Geoff is taking the car to the dealership at the airport and I don't know if they will give him a replacement car or not. I most certainly did not expect this hours before the first chemo session. 

When get there, the oncologist confirms that all is well, my blood test results are excellent and I am wondering what I am doing there, I feel fine, the blood test have come back great, yet I am about to have toxic poison pumped into my veins.

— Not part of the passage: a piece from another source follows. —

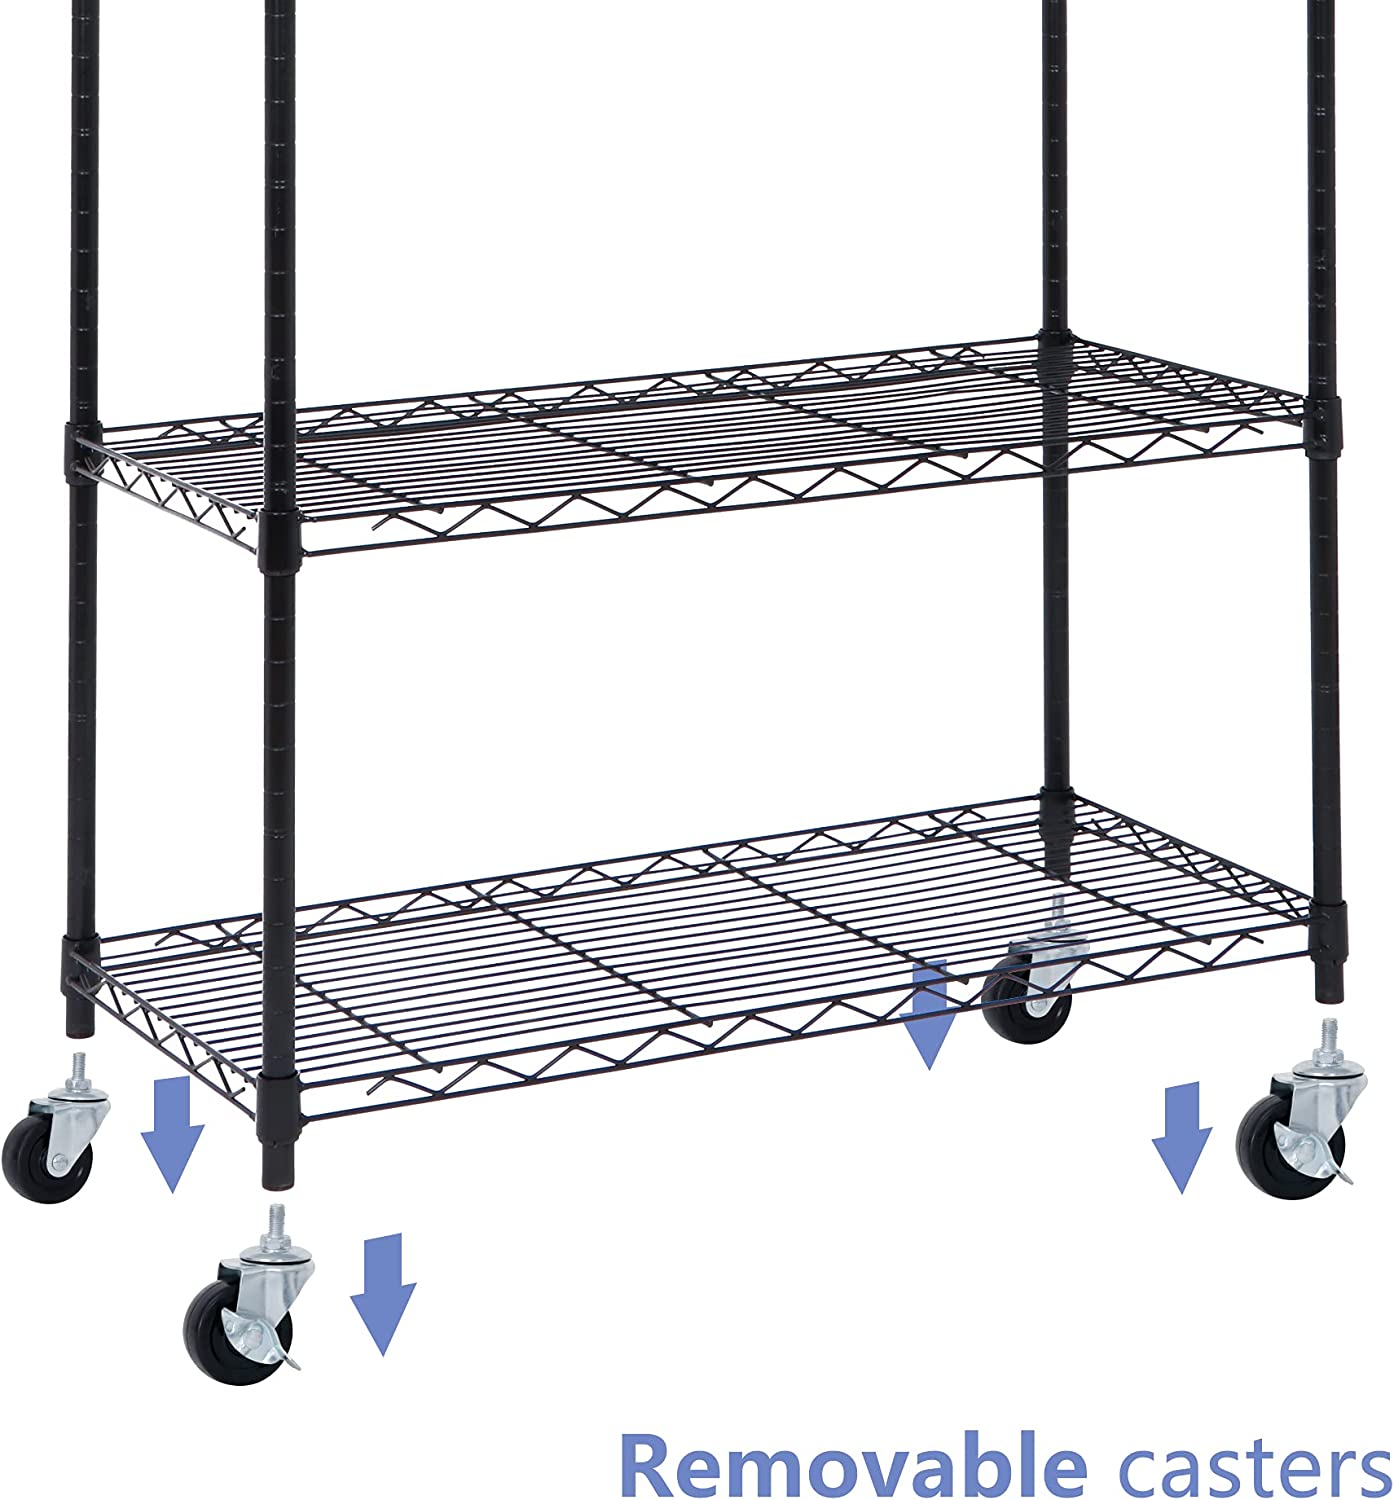 5-Shelf Heavy Duty Shelving Storage Unit with Casters, Metal Organizer Wire Rack for Kitchen, Office, Garage, Black
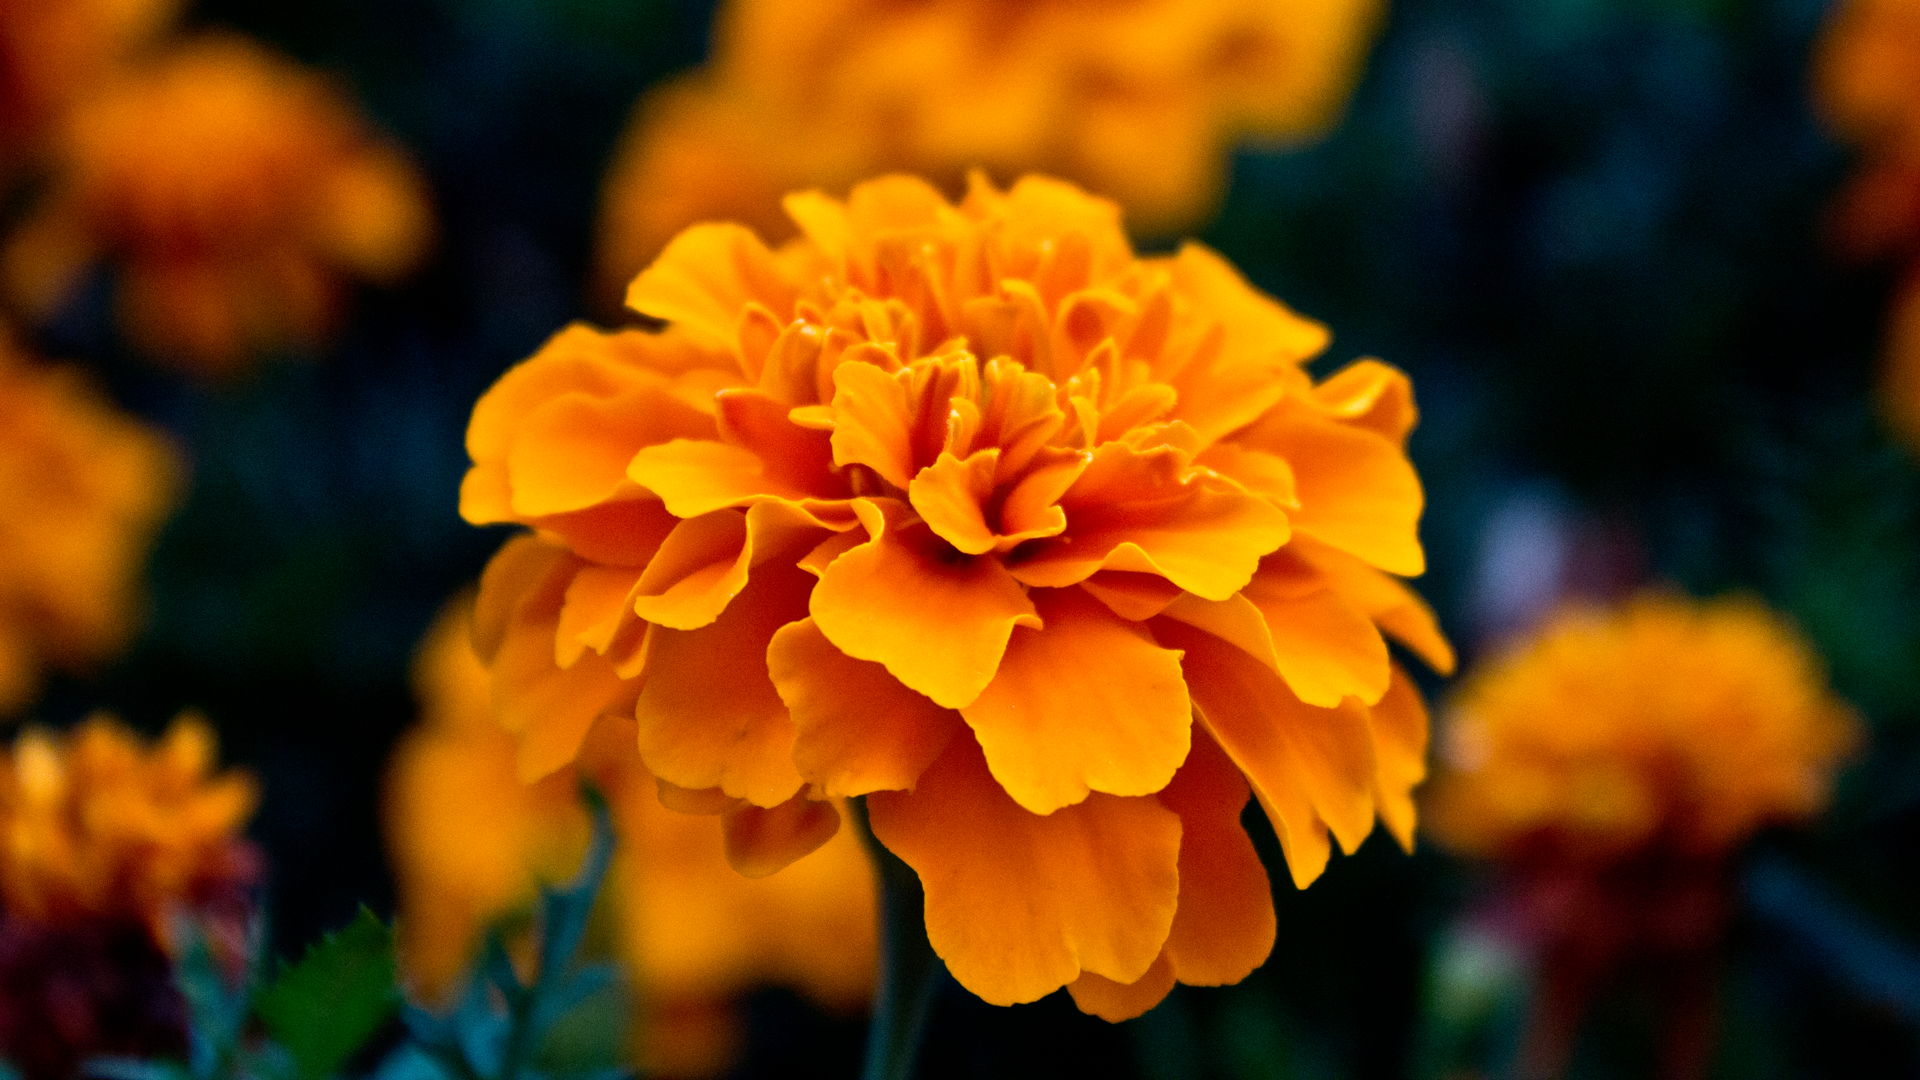 amazing flowers orange

After a short consultation I am send 'upstairs' to the 'Chemo room'. The chair is comfortable, the drip terrifies me. It takes an hour to pump the liquid from various hanging bags into me. After that I get up and walk with Geoff to the car and we drive home. I feel strange, numb, not sure what to think.

As we get home, I go to bed and now looking back on it, feel like I died for 3 days and then woke up slowly. I remember lying in bed, unable to move, simply feeling weak, awful, sick and not on this planet. I feel I am no eloquent enough to describe that feeling.

I remember Geoff trying to get me to take a bit from a toast he brought up to me, but after one bite of it, I had enough and just wanted to close my eyes and die.

3 days later, my parents came to visit.By that time I was managing to sit up in bed and take in my surroundings again.
By day 4, I was up in the house and feeling better.
Day 5, Geoff and I  wanted to drive to Malaga, but we did not get very far. A mistake. Geoff had to turn back after 20 min, I simply could not sit up and felt the movement of the car was too much. I went back to bed and surfaced on day 6, which is when I started to feel better.

The strangest thing is after a few days, when I really felt 'normal again', I could not remember what the 'awful days had felt like'. This remind me of child birth, the most horrendous pain ( if was in my case for every three of our children's birth), yet once they are born and a few days later, you forget the pain. You  remember it being awful, but you can't really remember it.
Well looking back at Chemo this is very similar.